A suit to set aside a deed is not a suit to recover real estate, but is a suit of a personal action. Jansen v. Fitzpatrick, 14 S.W.3d 426, 432 (Tex. App.-Houston [14th Dist.] 2000, no pet.); McMeens v. Pease, 878 S.W.2d 185, 190 (Tex. App.-Corpus Christi 1994, writ denied). It is considered a chose in action which is defined as "a personal right not reduced into possession, but recoverable by suit at law." Vinson & Elkins v. Moran, 946 S.W.2d 381, 389-390 (Tex. App.-Houston [14th Dist.] 1997, writ dism'd by agr.); see also Jansen, 14 S.W.3d at 432. A chose in action is assignable in all but five instances, none of which apply in this case.2 Therefore, Murray's cause of action through her position as executor of Salter's estate is assignable.

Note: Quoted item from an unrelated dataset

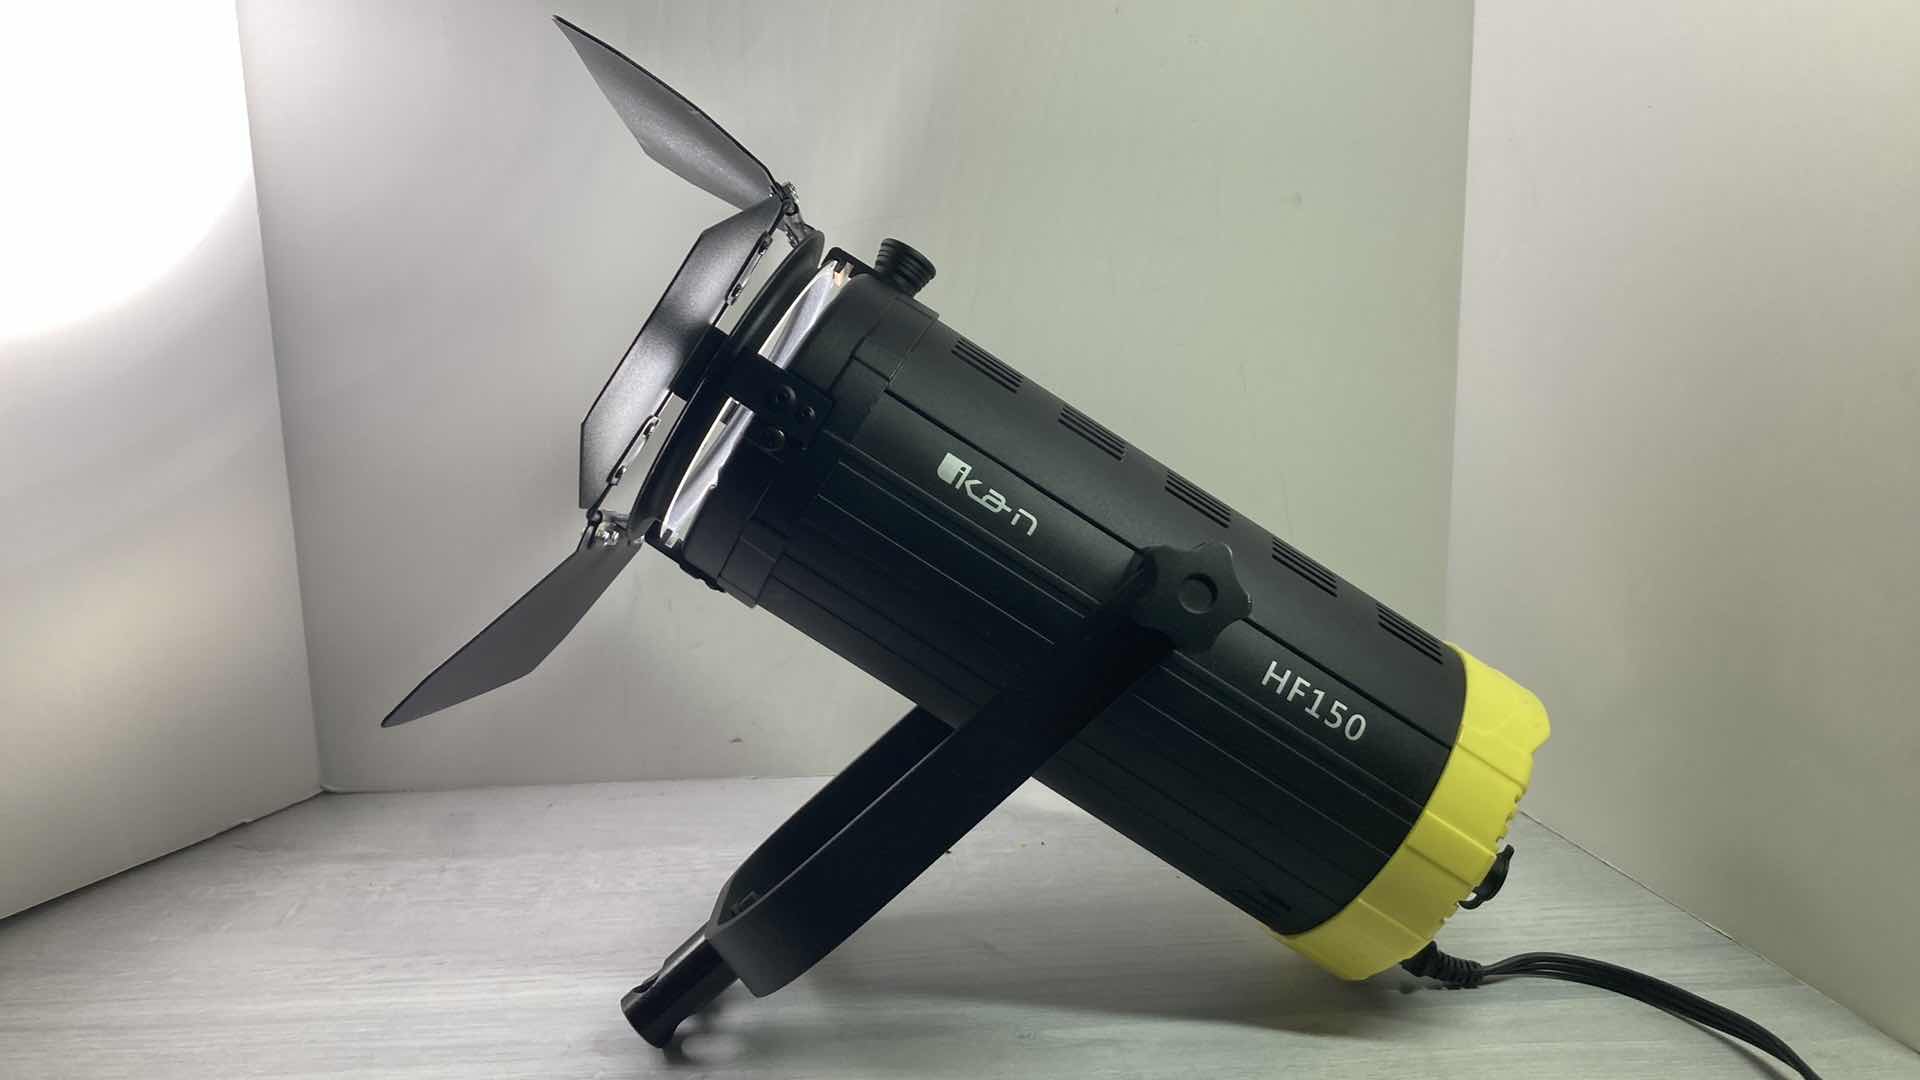 Photo 1 of IKAN HELIA FRESNEL BI-COLOR LED SPOT LIGHT MODEL HF150

Also, the record shows that the cause of action was transferred to Welch under section 12.014 of the Texas Property Code.

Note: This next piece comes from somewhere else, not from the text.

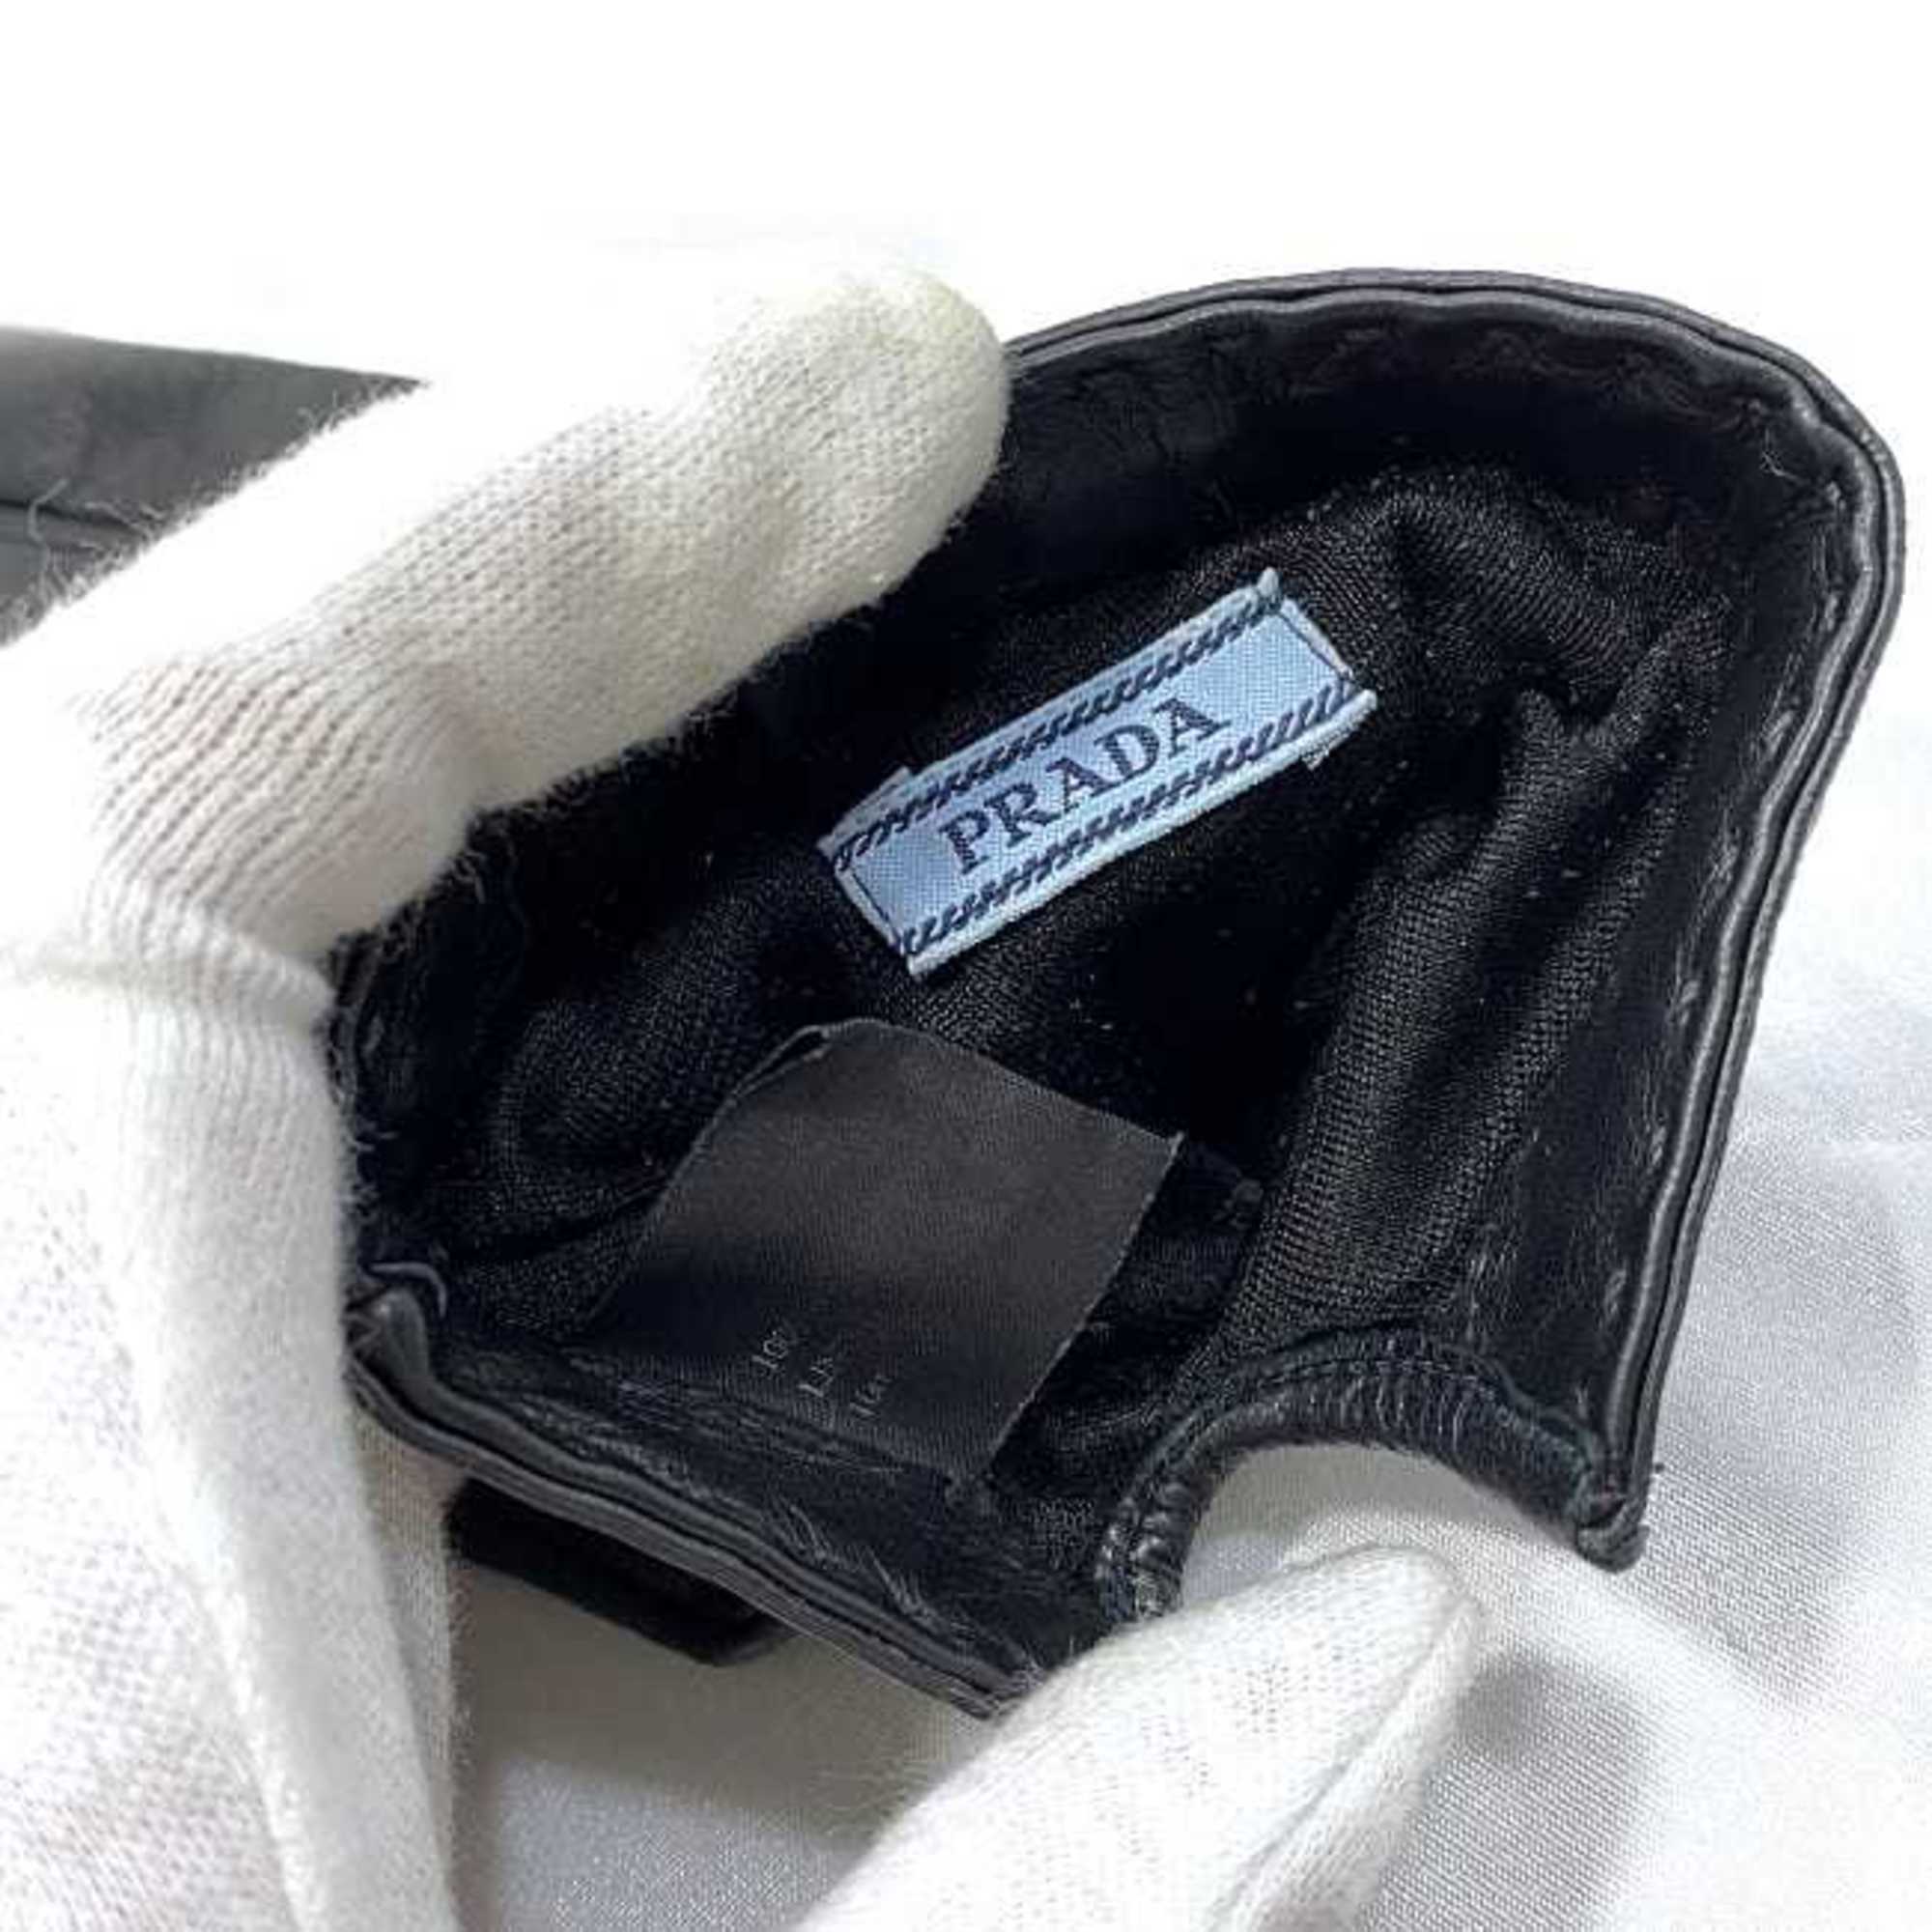 Prada Gloves Black NERO 1GG746 Size 8 Leather PRADA Triangle Plate

(a) A judgment or part of a judgment of a court of record or an interest in a cause of action on which suit has been filed may be sold, regardless of whether the judgment or cause of action is assignable in law or equity, if the transfer is in writing.

(b) A transfer under this section may be filed with the papers of the suit if the transfer is acknowledged or sworn to in the form and manner required by law for acknowledgement or swearing of deeds.

TEX. PROP. CODE ANN. § 12.014 (Vernon Supp. 2004).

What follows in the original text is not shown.